Exercise details: All lines from the one containing "Oscar peeping out" down to the one containing "Using the Internet", both ends included, are to be given again exactly; omit the rest of the listing below.
** Opening Data block **
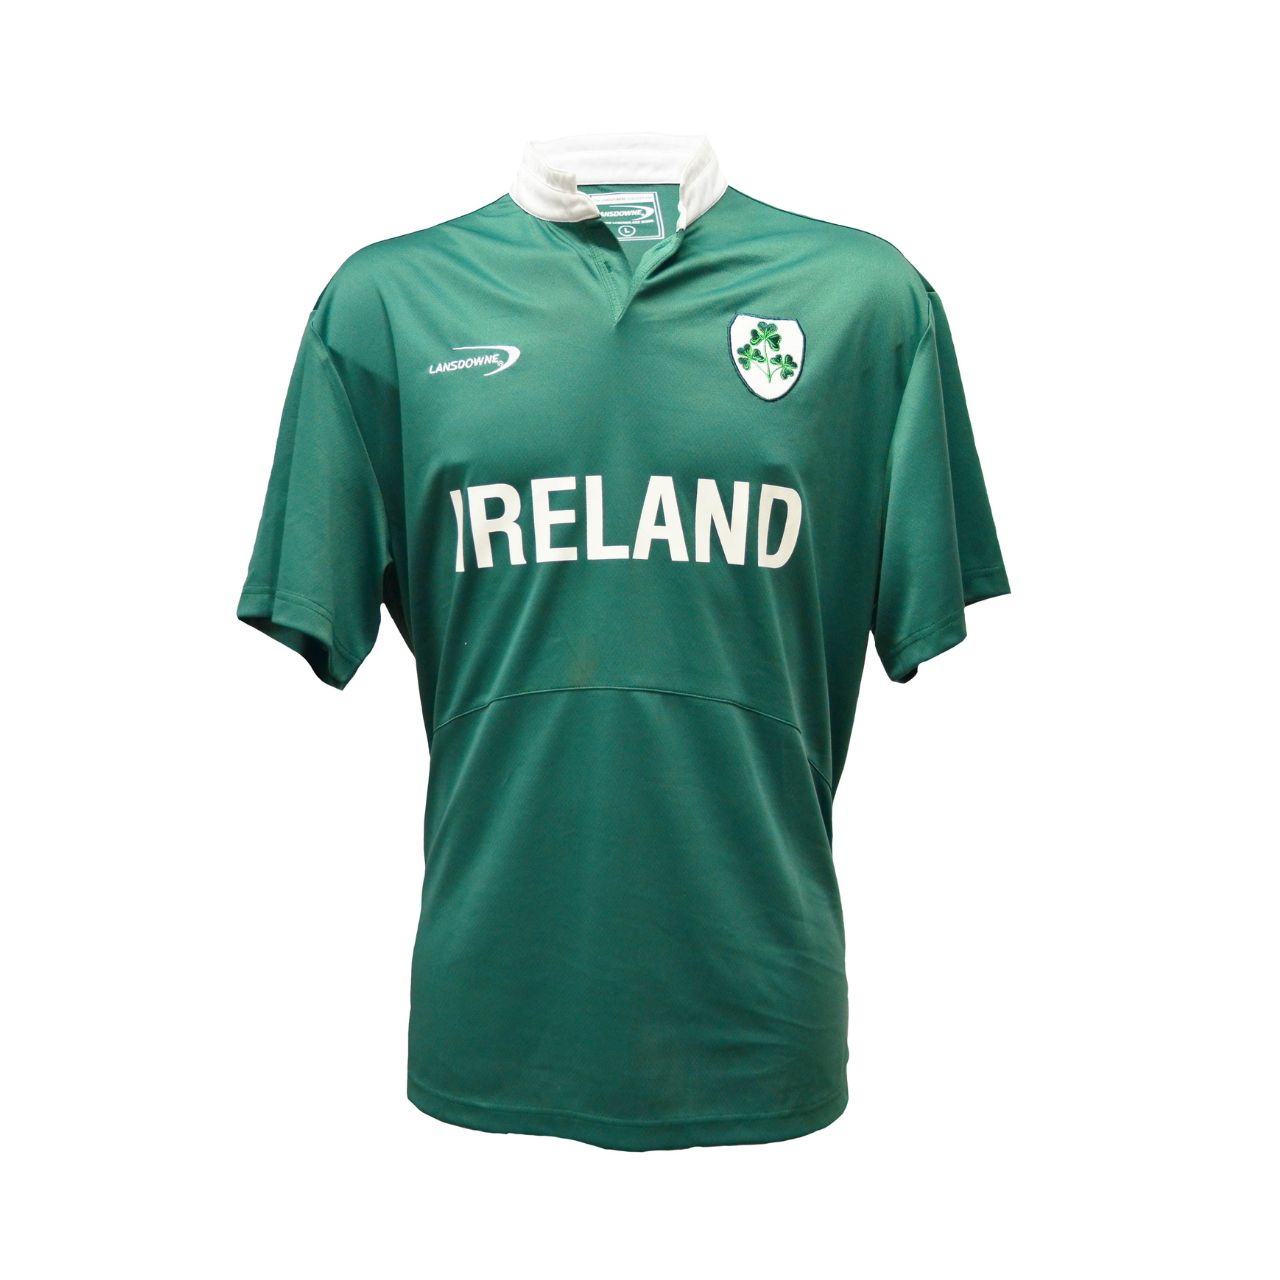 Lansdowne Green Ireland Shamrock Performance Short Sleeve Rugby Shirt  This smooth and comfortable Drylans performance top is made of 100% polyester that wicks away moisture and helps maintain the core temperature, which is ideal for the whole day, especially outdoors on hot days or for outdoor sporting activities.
** Closing Data block **
** Opening Data block **
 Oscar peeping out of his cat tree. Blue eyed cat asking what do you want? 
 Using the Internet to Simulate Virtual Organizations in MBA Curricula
** Closing Data block **
Result:
 Oscar peeping out of his cat tree. Blue eyed cat asking what do you want? 
 Using the Internet to Simulate Virtual Organizations in MBA Curricula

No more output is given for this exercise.